Afinal, o que possibilita a uma criança ocupar o lugar de aluno? Fragmentos do trabalho de acompanhamento terapêutico de uma criança autista em seu percurso escolar.
AUTORIA
Silvia Bicudo
ABSTRACT
Sabemos que foi somente a partir da Declaração de Salamanca, em 1994, que o direito de toda e qualquer criança à escola foi estabelecido. De lá para cá muito se tem estudado, pesquisado e praticado para que a concretização de tal direito se dê para além de uma configuração protocolar. É verdade que o fato de uma criança estar matriculada e frequentar uma escola, não garante, por si só, que seja efetivamente vista e tratada pela comunidade escolar como aluna. Para que isso possa acontecer, é necessário ao menos um educador que a suponha nessa posição: aguçando sua curiosidade, convocando seu desejo de aprender, apostando em suas contribuições e descobertas, interditando quando necessário e assim por diante. Mais ainda, é essencial que tal educador sustente essa posição mesmo – e principalmente – quando a criança não corresponder às expectativas nela depositadas. Ocupar a posição de aluno é uma construção que se dá na relação e pela relação da criança com seus interlocutores numa via de mão dupla.

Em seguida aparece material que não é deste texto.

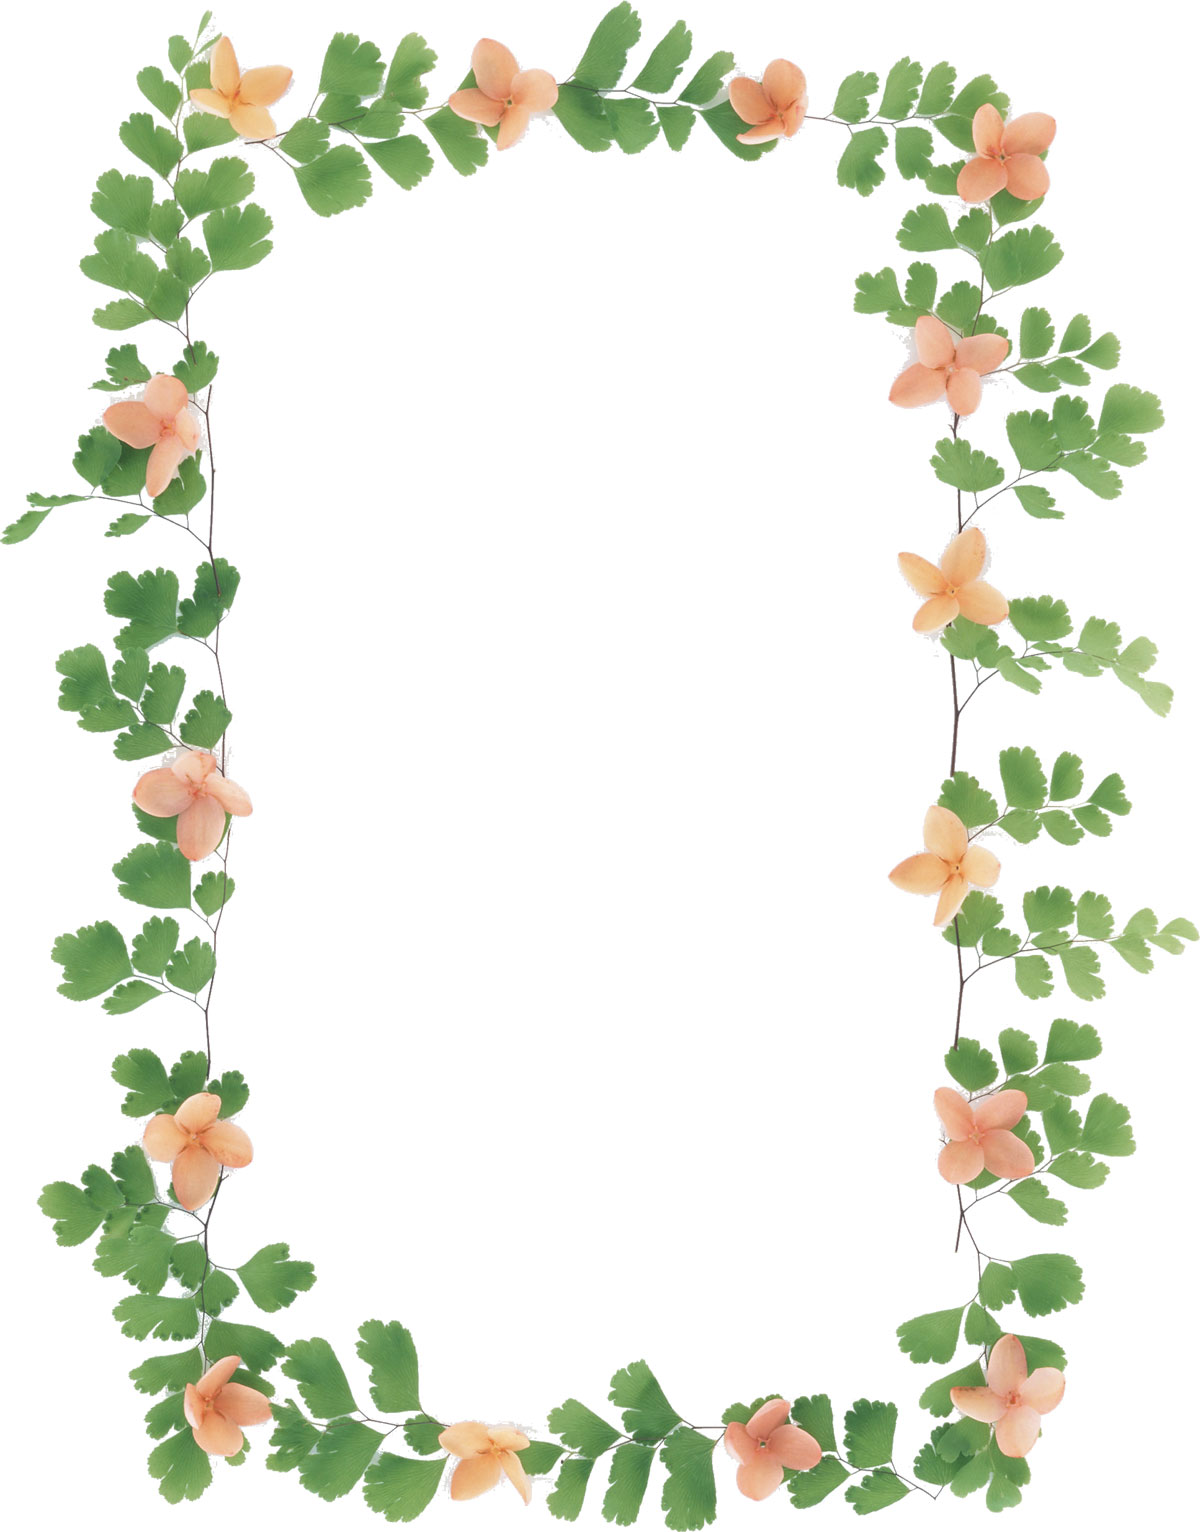 花の写真 フリー素材 フレーム枠no 114 ピンク 茎葉 緑

No caso de crianças com algum entrave psíquico, como psicoses e autismos, essa construção fica ainda mais evidente na medida em que esses funcionamentos, por suas particularidades de funcionamento, convocam ainda mais os educadores à (re) invenção. Diante deste contexto, o presente trabalho discorre sobre como esta construção se dá na prática, a partir da apresentação de fragmentos do acompanhamento terapêutico de uma criança autista, por mim realizado, em seu percurso escolar na educação infantil. Partindo das dificuldades que a criança em questão se deparou no início de seu processo de alfabetização, apresentarei de que forma o olhar frustrado das professoras para tais dificuldades puderem se transformar, com a ajuda do trabalho de acompanhamento terapêutico, em criação, convocando a criança a uma produção autoral, por elas reconhecida e que teve como efeito na criança, a possibilidade de se engajar enquanto “mais um aluno” da sala.